Key words: The public key algorithm; Graphics processor; Efficiency indicator; OpenMP standard.

#### **1. Introduction**

The demand and need to increase the speed of software applications continues to grow as programs are developed that require more computing power. In the field of measuring technology, there is often an increase in the share of virtual measuring instruments relative to real ones. With the help of elements of the graphic library, many measuring equipment has been implemented to date. Such changes most noticeable in more developed countries, such as the United States, Germany, France, etc. It is known that NASA also very often uses similar tools on the Lab View platform, which reduces the time to build various information and measurement systems for aircraft, and a variety of auxiliary measuring equipment. As known, such systems are quite cumbersome and large and require quite powerful computer equipment. Until 2004, Moore's Law allowed the number of transistors in a processor to automatically increase software performance [1]. That is, if the processor executes more instructions per second, the software will also run faster. However, because of the physical limitations of processors and heating of components, it is impossible to continue to rely on Moore's Law to achieve faster executions of algorithms, consequently the collection of measurement data in real-time, which makes a more instrumental error in the measurement system.

One of the alternatives is parallel computing, which uses the advantages of a multi-core computer architecture [2–5]. In this model, multiprocessors communicate with each other through a shared cache contained in the hardware of the device. However, the software needs to be adapted so that it can use multiple processors to work on a single task, that is, use tech-

niques of parallel computing to change the way code is written and executed.

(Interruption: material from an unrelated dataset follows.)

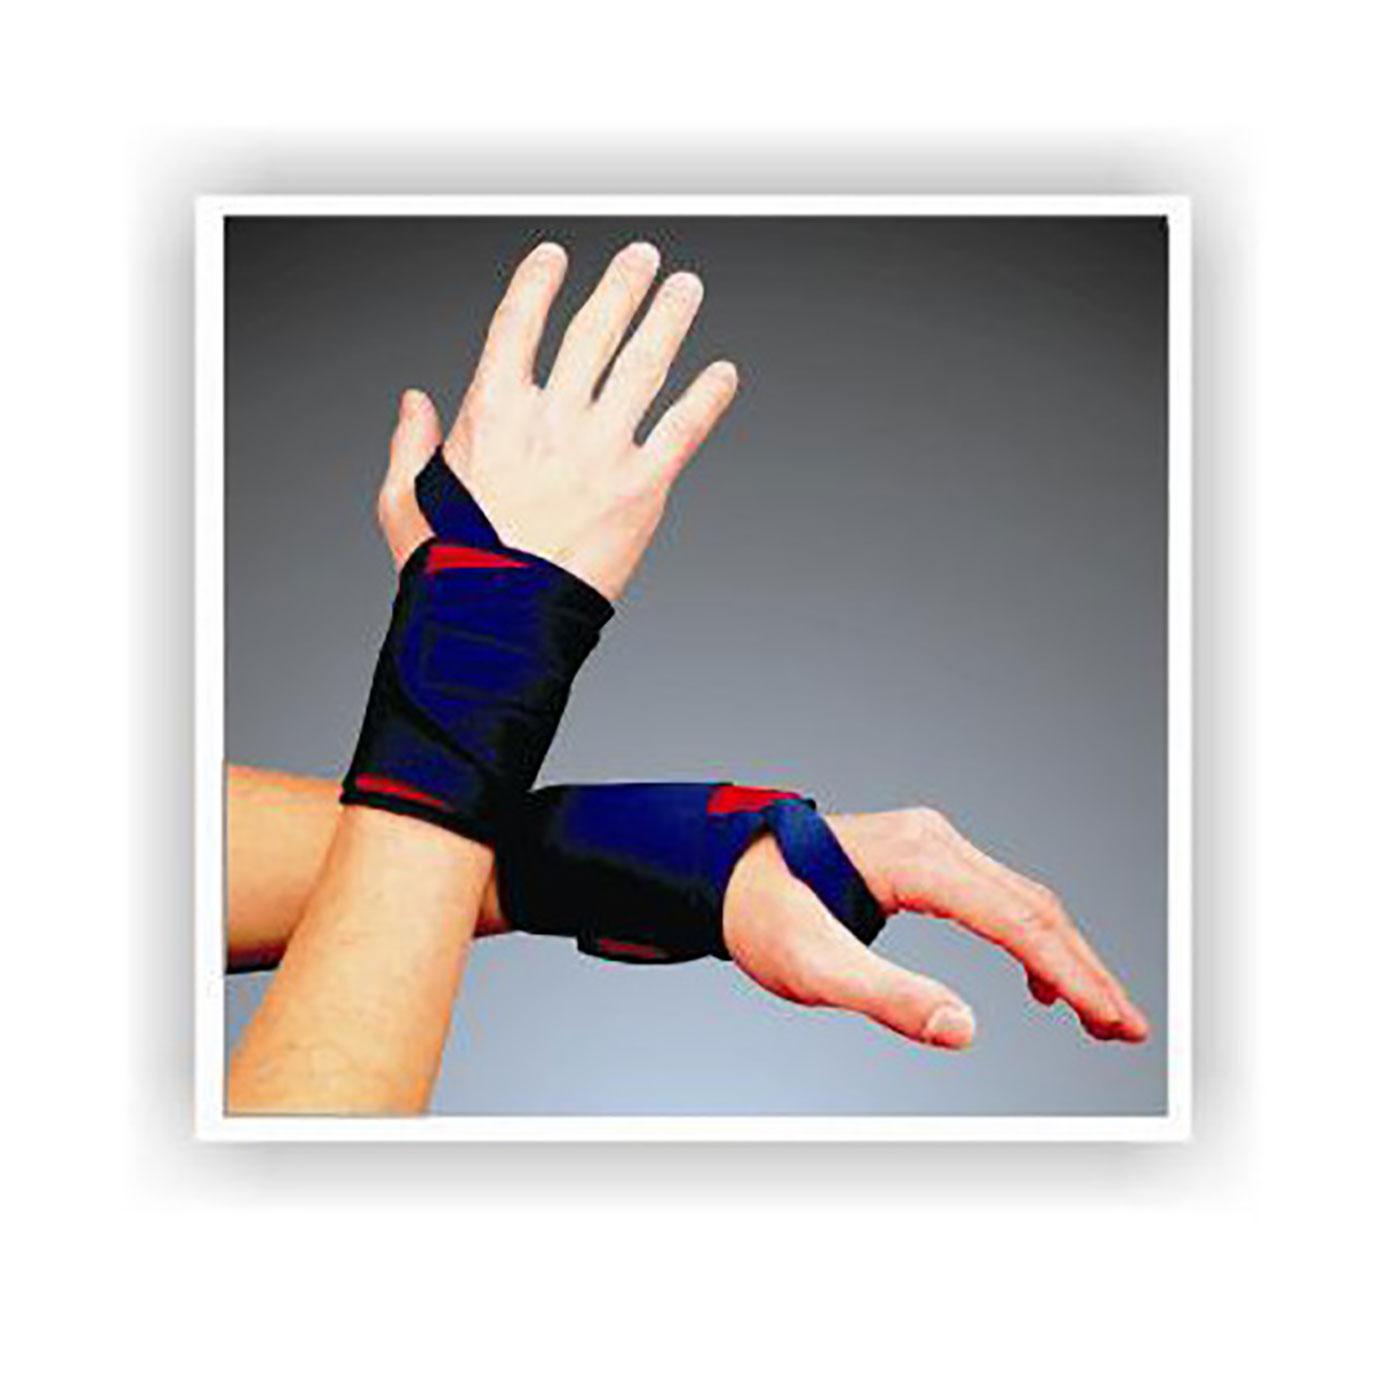 Impacto Wrist Support

One of the most interesting and popular areas of modern development is the transition from the implementation of computing on the CPU to computing on the GPU. In particular, Nvidia proposed its solution by developing the CUDA parallel computing architecture. Nvidia offers examples of the practical application of CUDA to solve general-purpose problems [6–8]. The observed increase in performance compared to the CPU in these examples is from 10 to 100 times. This approach can be applied to virtual measuring instruments.

Parallel execution of a sequential stream of instructions on the CPU has certain basic limitations and simple addition of executable blocks cannot achieve a significant increase in speed. At the same time, the GPU was created to execute parallel instructions. Most of the graphics processor, in contrast to the central, is occupied by executable units, which gives an advantage in the speed of tasks execution related to parallel data processing, namely when the same sequence of operations is applied to a large amount of data and the number of instructions exceeds the number of memory accesses. Thus, the architecture of the processor allows you to achieve greater efficiency in parallel computing. Also, an important advantage of using a graphics processor for general-purpose computing is that the computing CPU remains less busy and can be used to perform other tasks.

This paper analyzes different approaches to the parallelization of the block encryption algorithm and the decryption of the public key algorithm. This algorithm is used in a wide range of security applications [9], it can also be used to encrypt data when transmitting measurement information over long distances.

### 2. Problem Statement and Analysis

It is known [10], the RSA algorithm is one of the most well-known public-key cryptographic algorithms. The cryptographic stability of the algorithm is based on the computational complexity of factorization of large numbers [11]. RSA is a block algorithm that makes it suitable for parallelization.

The RSA public key consists of a module n of a certain length (product of prime numbers p and q) and an exponent e. The length of the number n is determined in bits. The associated secret key consists of the same number n, and the value d of  $d * e = 1 \mod f(n)$ , where f(n) – it is the Euler function. Ideally, the prime numbers generated by the random number generator used to build the module n, should not be reused. The probability that random numbers p or q will be repeated when generating keys should go to 0.

The RSA algorithm is characterized by perfect security, simple key management, it is practical in execution and understanding. However, in the RSA encryption algorithm, modular power seriously affects the performance of the algorithm and can become a bottleneck, which limits its technical application. Therefore, the optimization of the RSA encryption algorithm focuses on research related to the development of multicore processor architecture. The use of OpenMP, Pthreads and other multithreaded technologies allows to use of more computing power, increases efficiency, and reduces data processing time.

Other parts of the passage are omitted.